Arthur Oelwein (Schriftsteller)

österreichischer Schriftsteller From Wikipedia, the free encyclopedia

Arthur Oelwein (* 20. März 1868 in Wien; † 12. Februar 1925 ebenda) war ein österreichischer Schriftsteller.

Leben

Arthur Oelwein war ein Sohn des gleichnamigen Bautechnikers und Hochschulprofessors Arthur Oelwein. Er promovierte in Jus und arbeitete parallel zu seiner schriftstellerischen Laufbahn als Konzipist beim Magistrat der Stadt Wien. Sein literarisches Werk umfasst Lyrik, Dramatik und Prosa.[1] Es lässt sich der Strömung der Neuromantik zuordnen.[2] Oelweins Vortragsabende waren gut besucht. Er wirkte als Funktionär bei verschiedenen Literaturverbänden.[1] Er war Mitglied des Deutschen Schriftsteller-Verbands und der Deutsch-österreichischen Schriftsteller-Genossenschaft.[3]

Oelwein starb 1925 im Alter von 56 Jahren.[1] Er wurde am Döblinger Friedhof im Grab seines Vaters (Gruppe 27, Nummer 1) bestattet.[4] Sein Nachlass befindet sich in der Handschriftensammlung der Wienbibliothek im Rathaus.[5]

Werke

  • Aus der Ferienzeit. Seinen Freunden gewidmet. Selbstverlag, Wien 1888.
  • Die Erbsünde. Ein Mysterium in drei Abtheilungen. Konegen, Wien 1897.
  • Suchende. Drei Novellen. Konegen, Wien 1899.
  • Starke. Vier Novellen. Konegen, Wien 1900.
  • Neunzehn Märchen.
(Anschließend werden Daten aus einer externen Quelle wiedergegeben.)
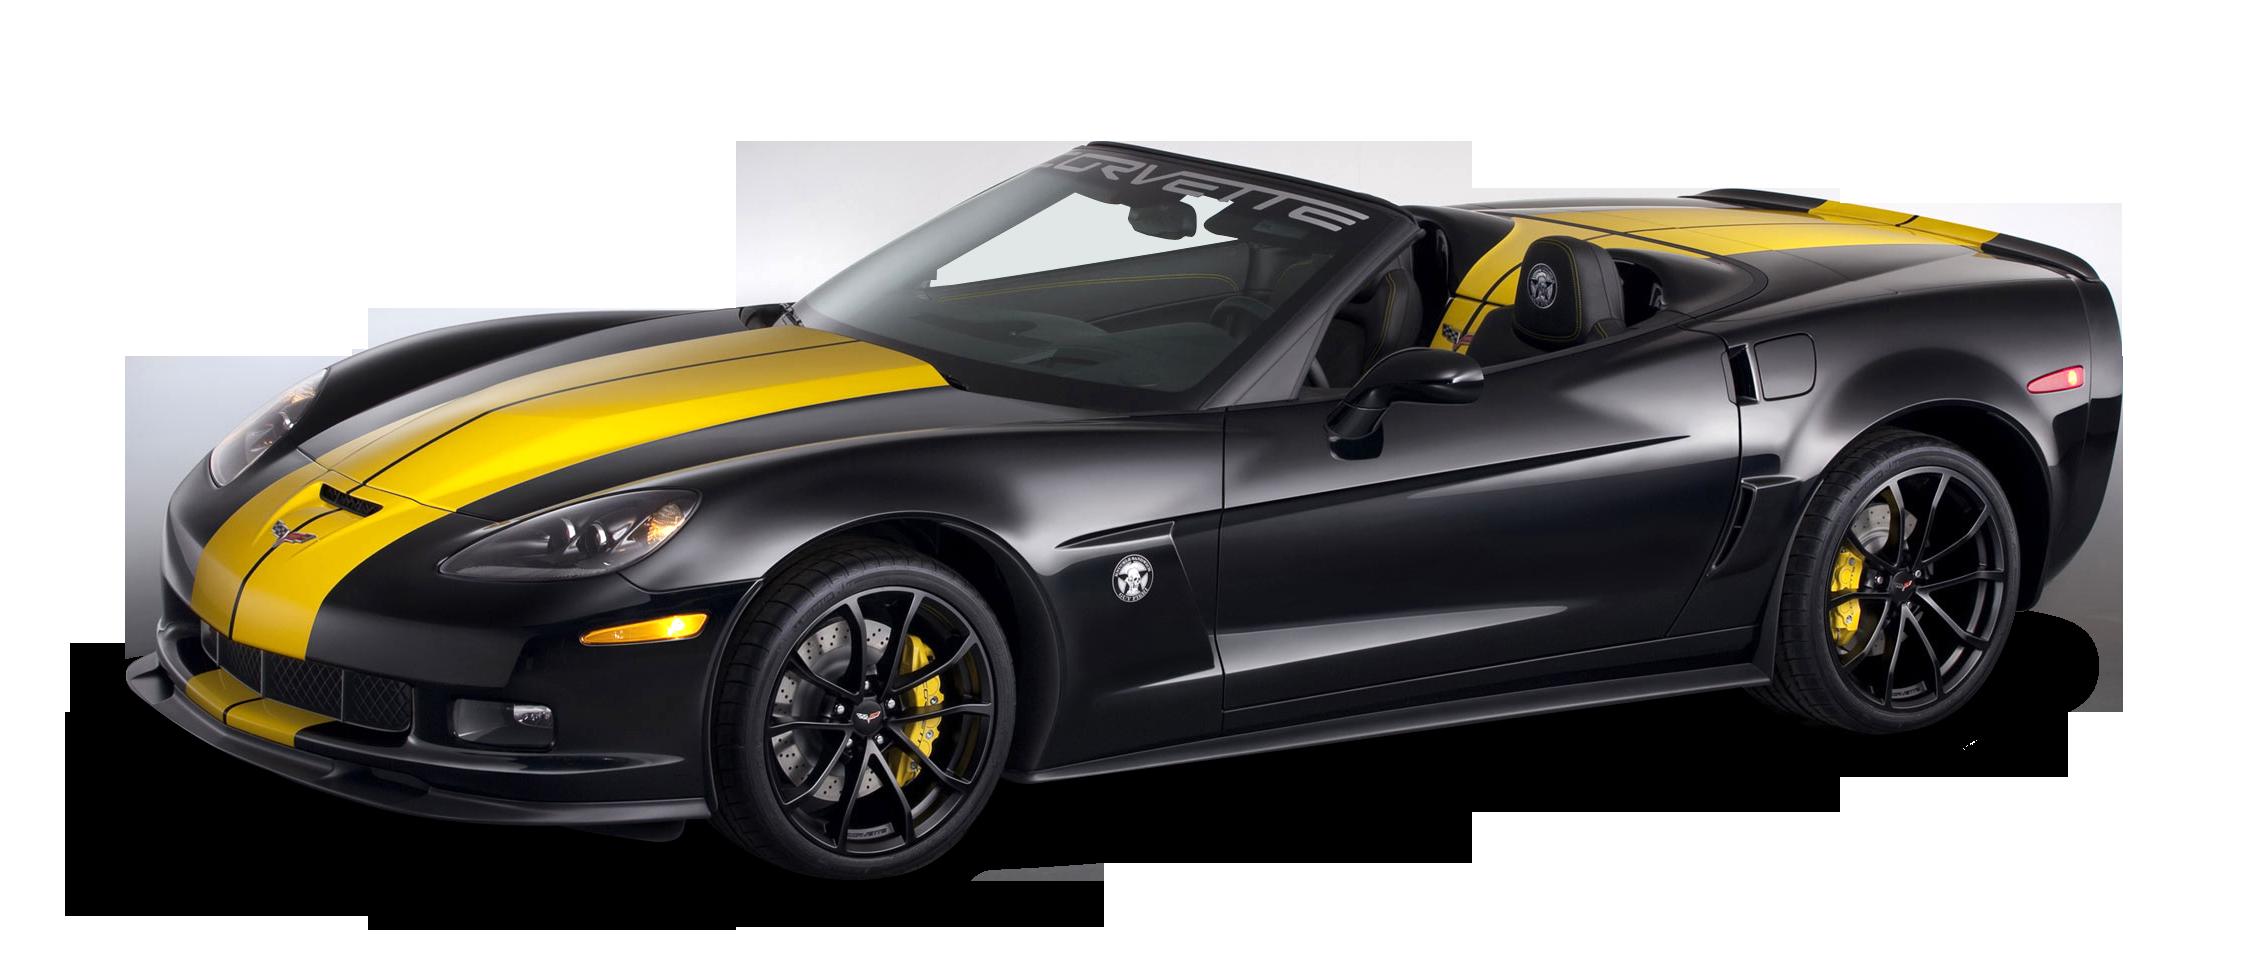 Chevrolet Corvette 427 Convertible Car

Österreichische Verlags-Anstalt, Wien 1902.
  • Eisenhut und Pfauenfeder. Lieder und Aventiuren des fahrenden Ritters. Mit Illustrationen von Carl Fahringer. Gerlach & Wiedling, Wien 1905.
  • Adventbriefe. Deutsche Verlags-Anstalt, Stuttgart 1911.
  • Die Fahne von Öblarn. Erzählung aus den Bauernkriegen im Ennstal. Otto Janke, Leipzig 1912.
  • Die Reise ins Aschgraue. In: Paul Keller (Hrsg.): Die Bergstadt. Nr. 8. Verlag der Bergstadt Wilh. Gottl. Korn, Breslau 1913.
  • Die schlafende Stadt. In: Heimat und Welt. Nr. 3, 1913, S. 17–22.
  • Die absonderliche Liebe der schönen Jungfer Magelone de Brissac. Eine Geschichte aus dem geretteten Wien. In: Wiener Frauenblatt. Mai 1919.